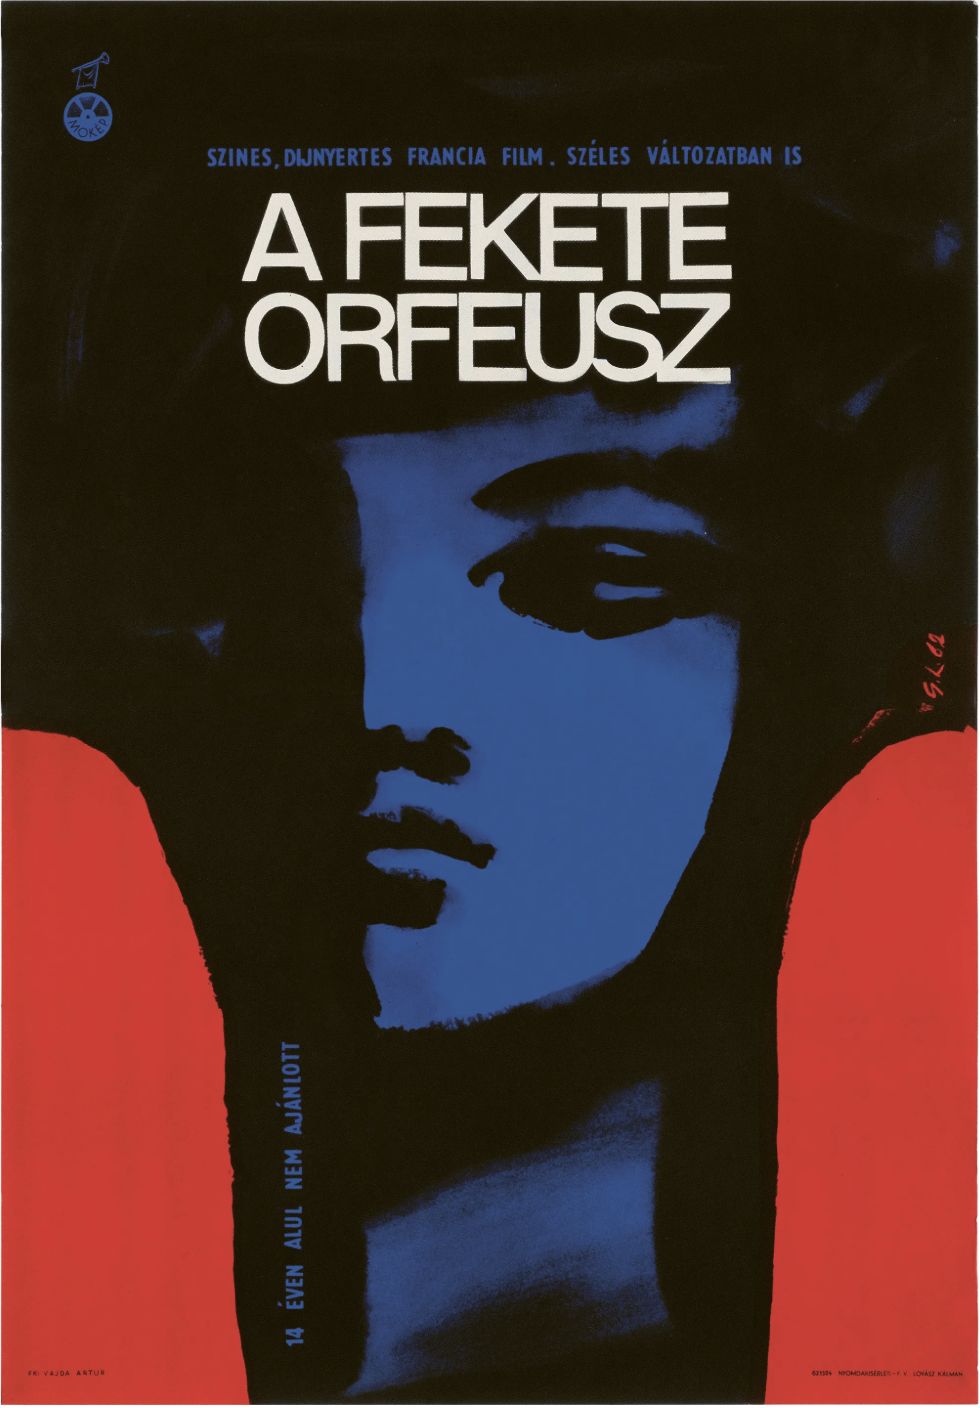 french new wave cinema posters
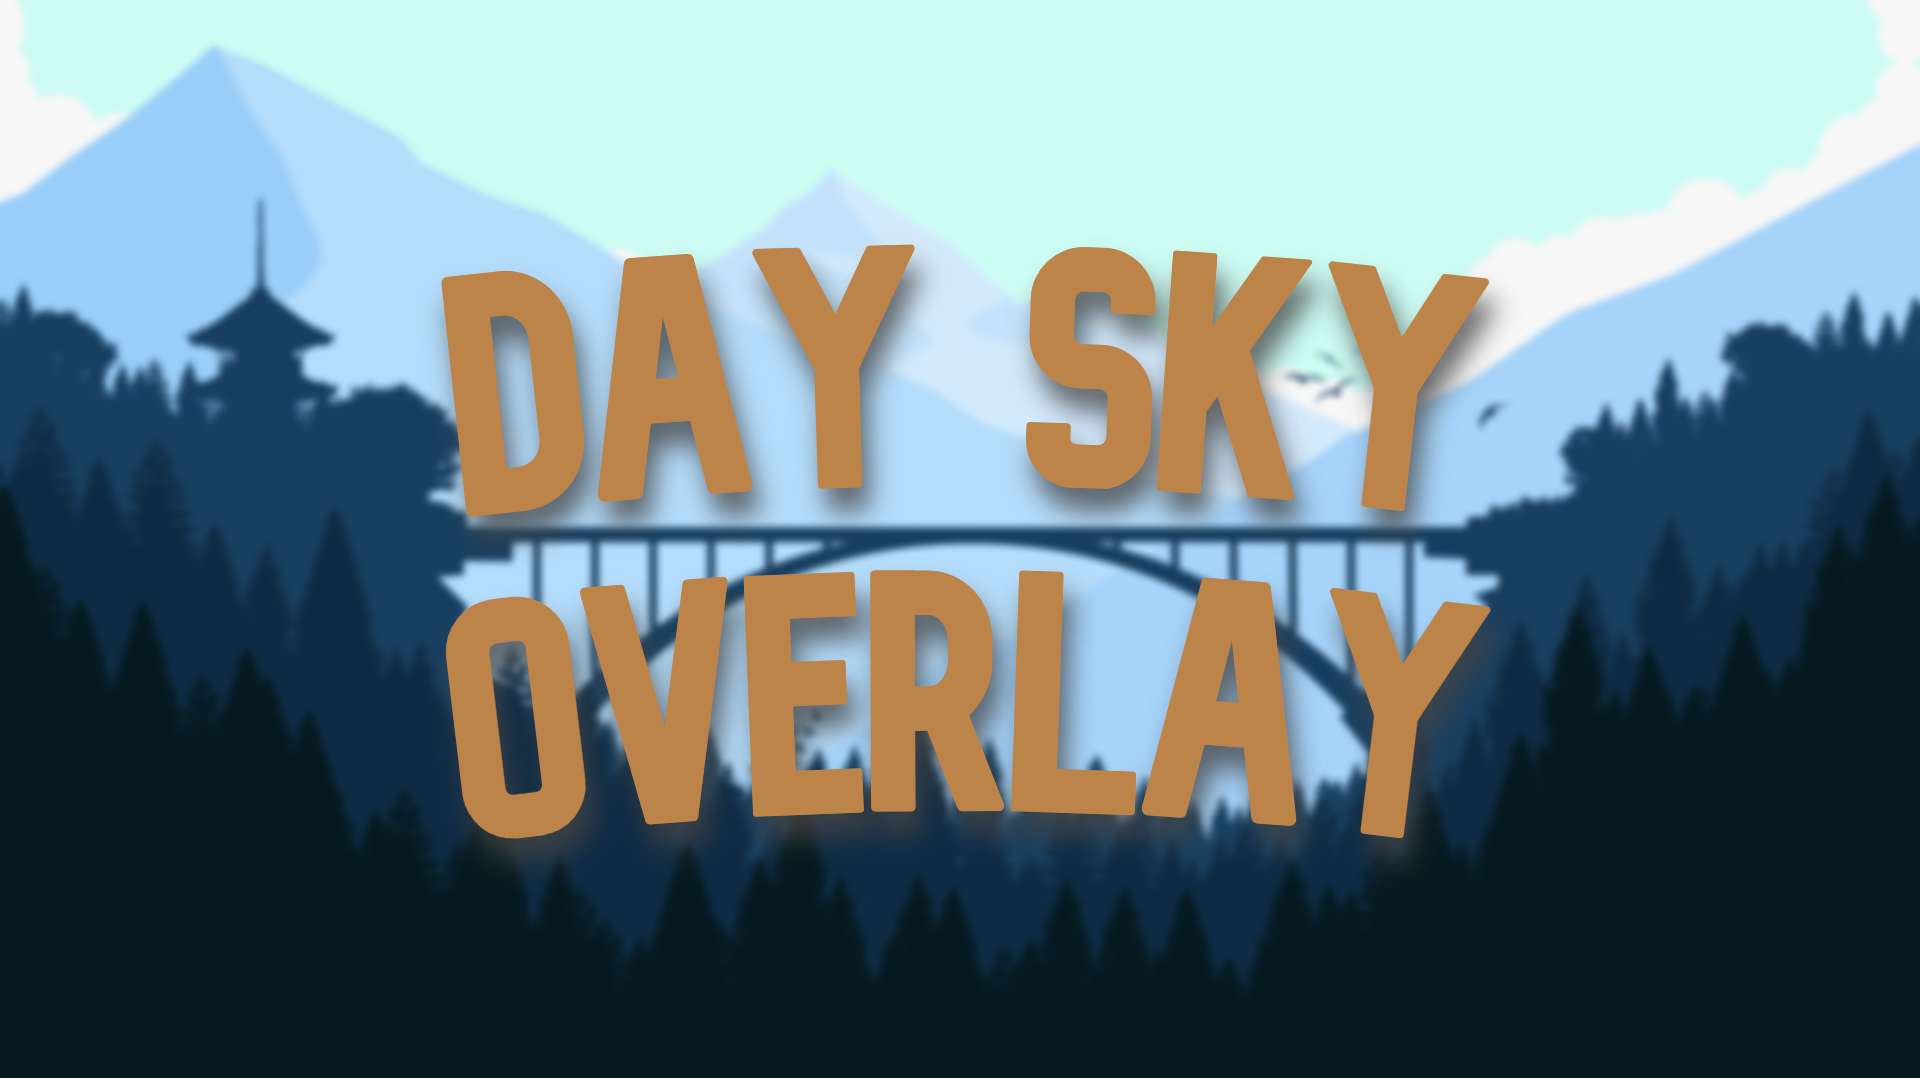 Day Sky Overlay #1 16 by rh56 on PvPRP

+ + + + +

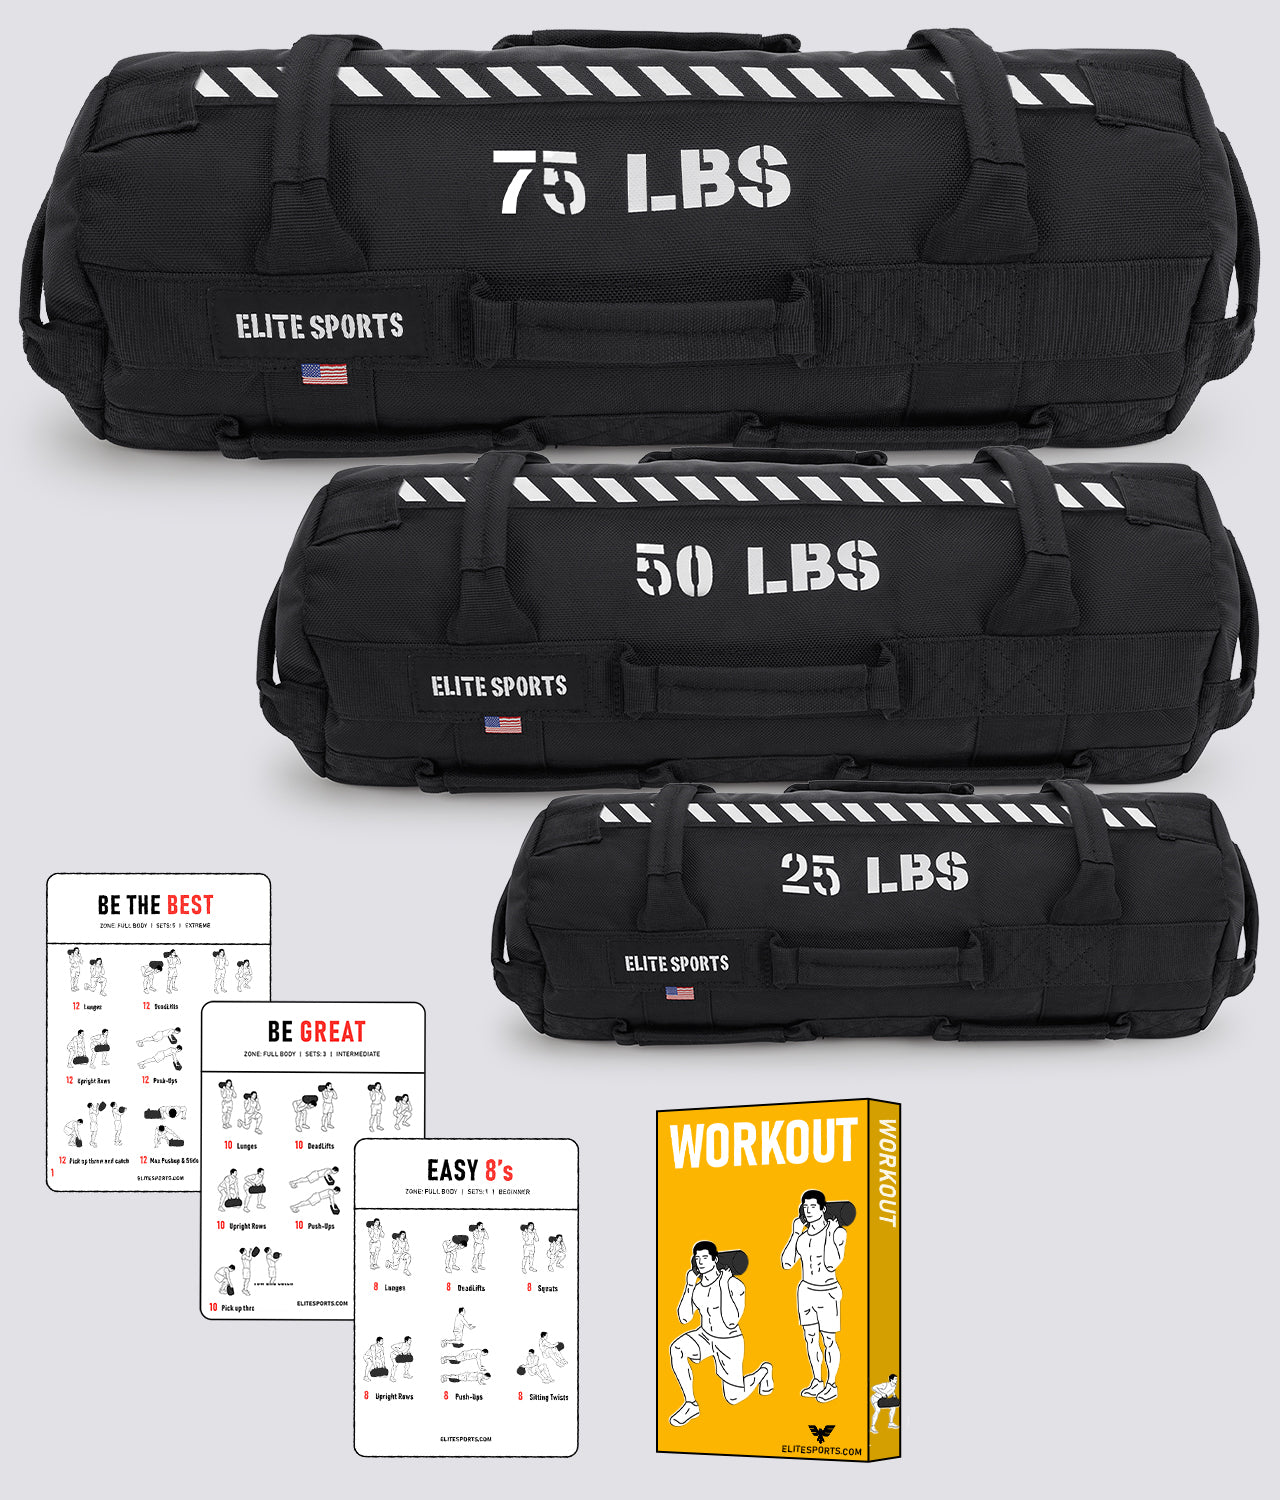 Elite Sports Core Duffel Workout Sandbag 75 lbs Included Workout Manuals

+ + + + +

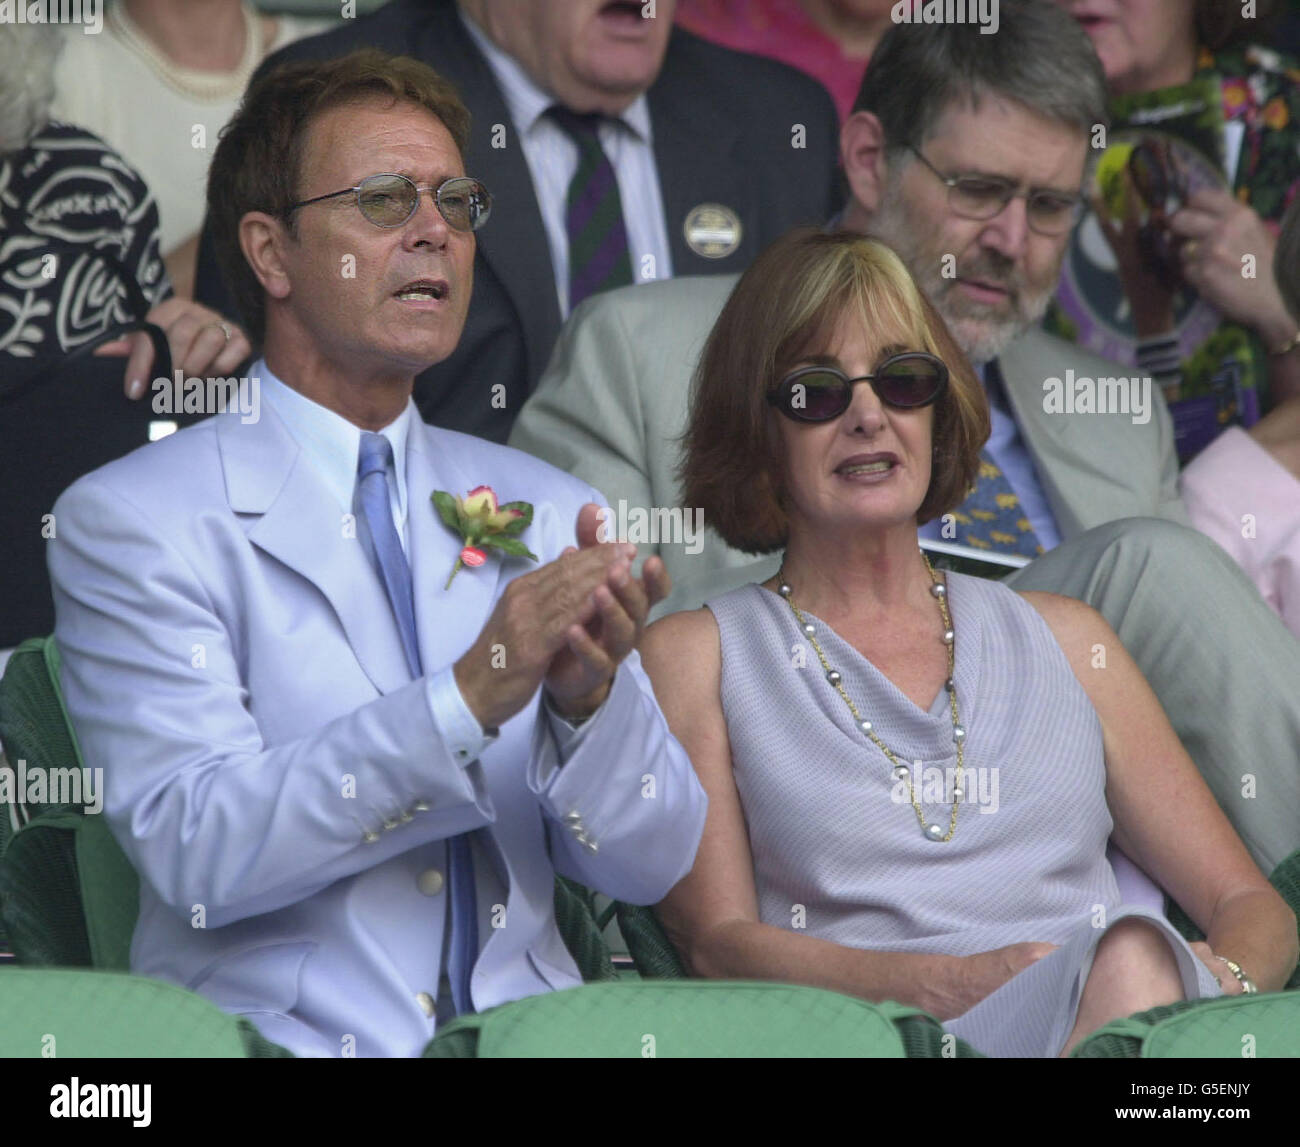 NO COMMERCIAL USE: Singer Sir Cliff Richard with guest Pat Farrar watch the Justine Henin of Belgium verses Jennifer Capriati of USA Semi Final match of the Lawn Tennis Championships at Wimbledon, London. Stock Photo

+ + + + +

> [EXERCISE] Beginning with the line above that contains "french new wave cinema posters" and ending with the line that contains "Day Sky Overlay #1 16 by rh56 on PvPRP", quote each line exactly, keeping out the pictures.

> [ANSWER FOR THIS EXERCISE]
 french new wave cinema posters
 Day Sky Overlay #1 16 by rh56 on PvPRP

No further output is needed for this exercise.